Teams of four stood together as Bill announced it was Iron Chef day and each team would compete to prepare the best Asian meal for lunch.
He stood in front of the group and pumped up their enthusiasm and encouraged them to have fun and be creative.
He's convinced these moments of social connection are key to healing.
At the core of his business model is his passionate belief that the brain-injured need to be treated like people, not patients. Bill's Place tries to discover the abilities and passions of its residents.
Yvonne Studley, or Vuv as she prefers to be called, moved into Bill's Place five months ago. She's a funny lady but her story is anything but.
Six years ago, she slammed into a moose on a northern B.C. highway. When she came to a month later in a Vancouver hospital, she'd lost most of her sight, some of her hearing, and had no sense of smell or taste.
"To be told I could never work again, that was just a crushing blow, devastating for me" she said.
Devastating too were the years following her release from hospital: living alone, unable to cook or shower herself, with family members blaming her for invisible injuries they didn't understand.
All that changed when she moved to Bill's Place.
"Vuv is back because I'm getting my sense of humour back," she said.
Sarah, her caregiver, escorted her onto the local outdoor street hockey rink, where she dropped the puck for their monthly Hockey Day in Canada scrimmage. Vuv's routine is now a mix of social gatherings, some dog therapy — staff discovered her love of dogs — and helping the others cook meals.
"It's a life. A journey I'm going to enjoy. I'm going to enjoy it. And I know there are limitations."
If Vuv seems really delighted it's because this week she managed to taste her food for the first time since her crash.

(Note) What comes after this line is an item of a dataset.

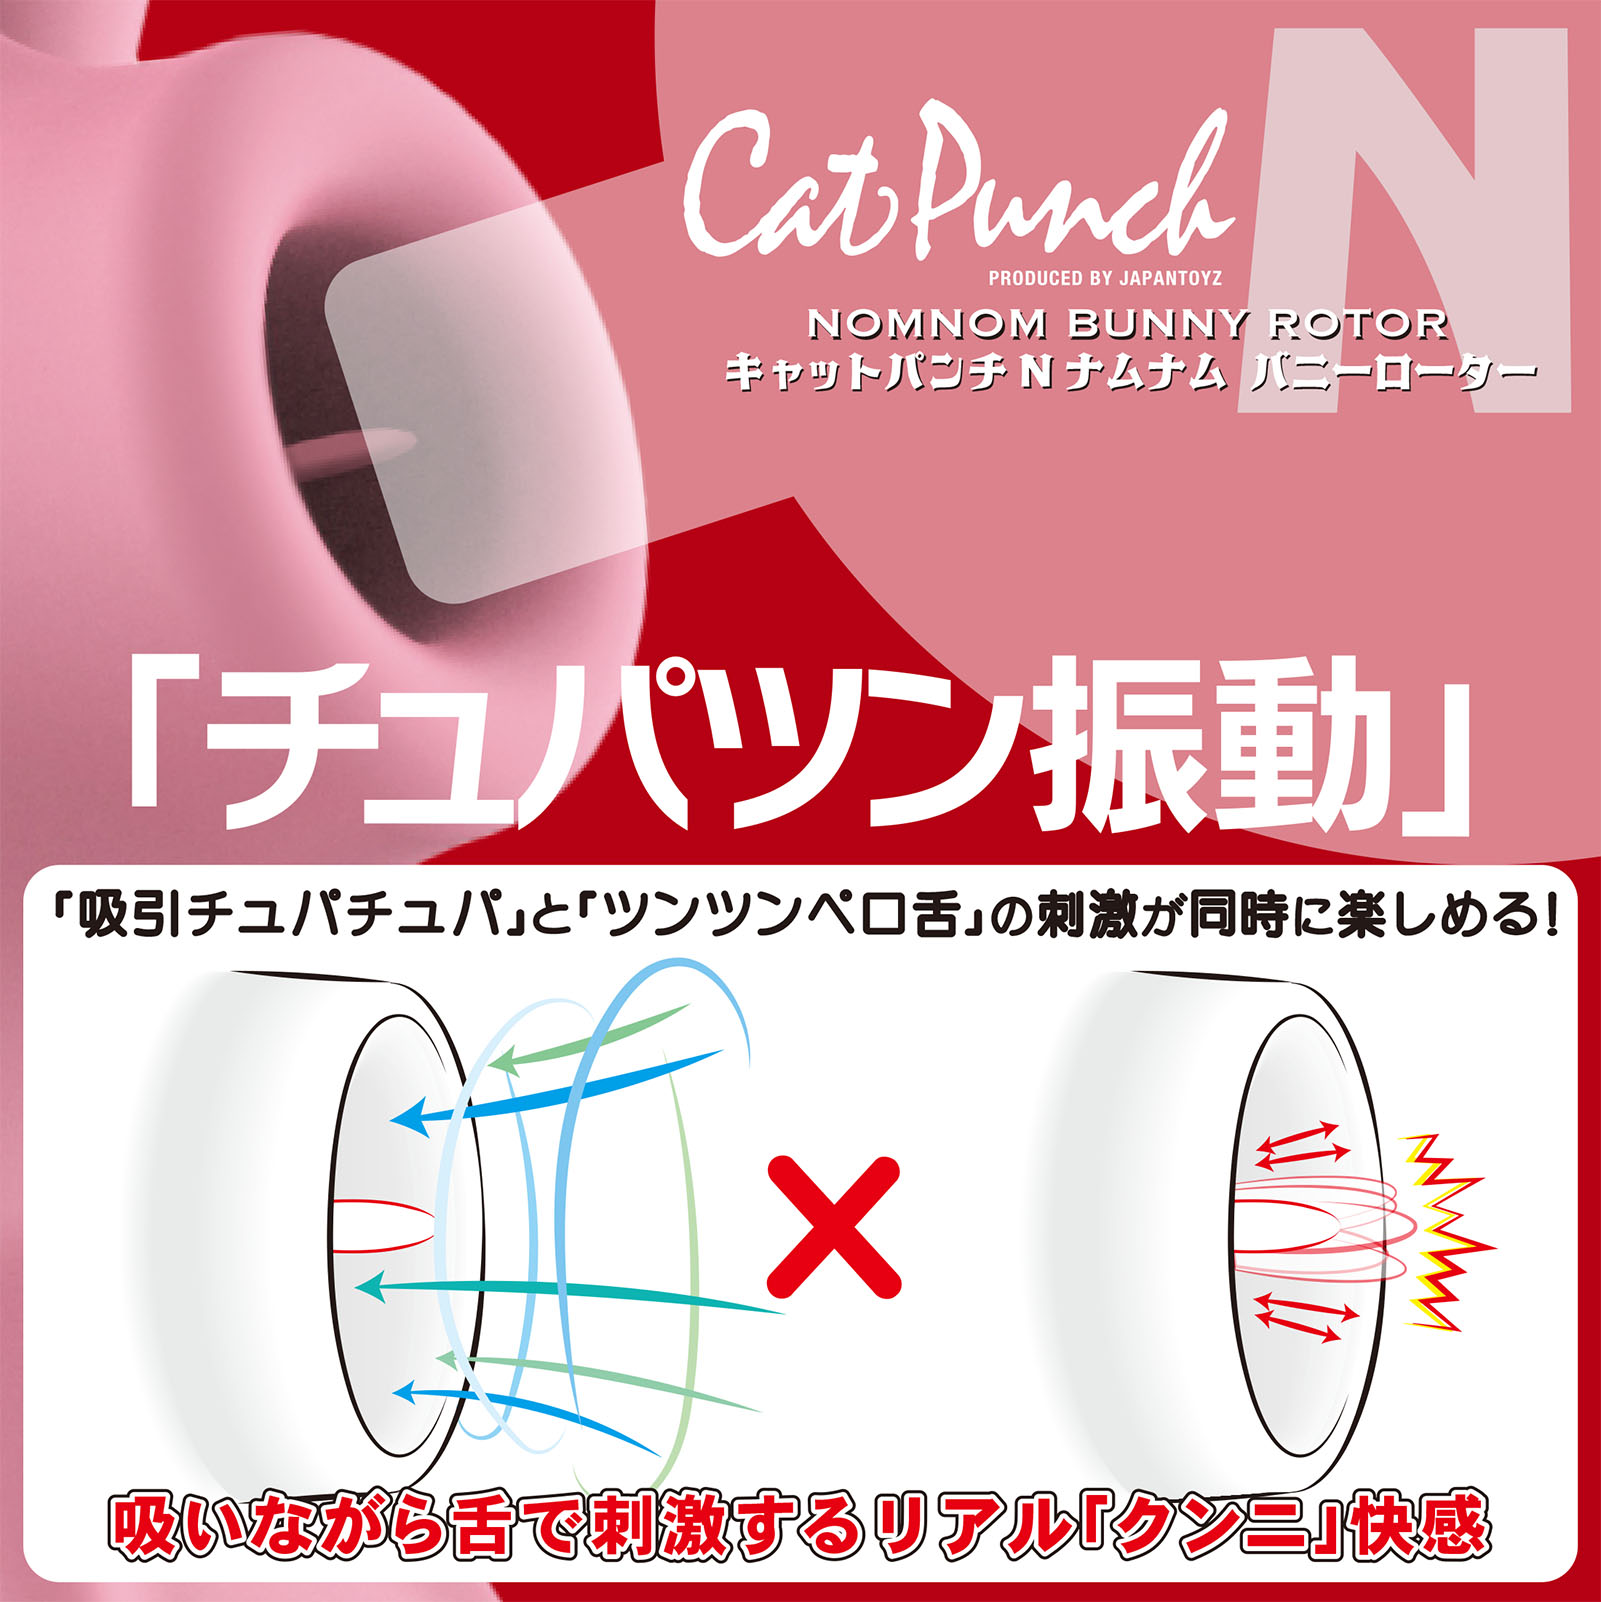 Cat Punch Lbgp` N ii oj[ [^[02

Each of Bill's residents has a similar story of tragedy and struggle to find a meaningful life.
It's been twenty years since Bill's brother Kevin suddenly awoke from his coma, looked over at Bill and grabbed for a banana Bill was eating.
'Happy with who they are'
"If gaining independence and getting back into their life is where they want to go, we'll figure that out and we'll assess and we'll support people gradually gaining those skills," Bill said. "A lot of other people, they're where they are now and so maybe it's enriching their life. Maybe it's having new life experiences. I always say, these people have a brain injury, not a spirit injury."
The highlight of the afternoon hockey game sees Bill pass the ball to Kevin who snaps a shot past a caregiver nurse who's playing goal. She smiled and watched as Bill high-fived Kevin. The fact that Kevin is walking again, living independently, and back behind the drums is the real victory.
So, too, is the fact Kevin's recovery inspired a model of care for others.
"Ultimately," Bill says, "it's not based on getting our guys through the program, it's getting them to be happy with who they are."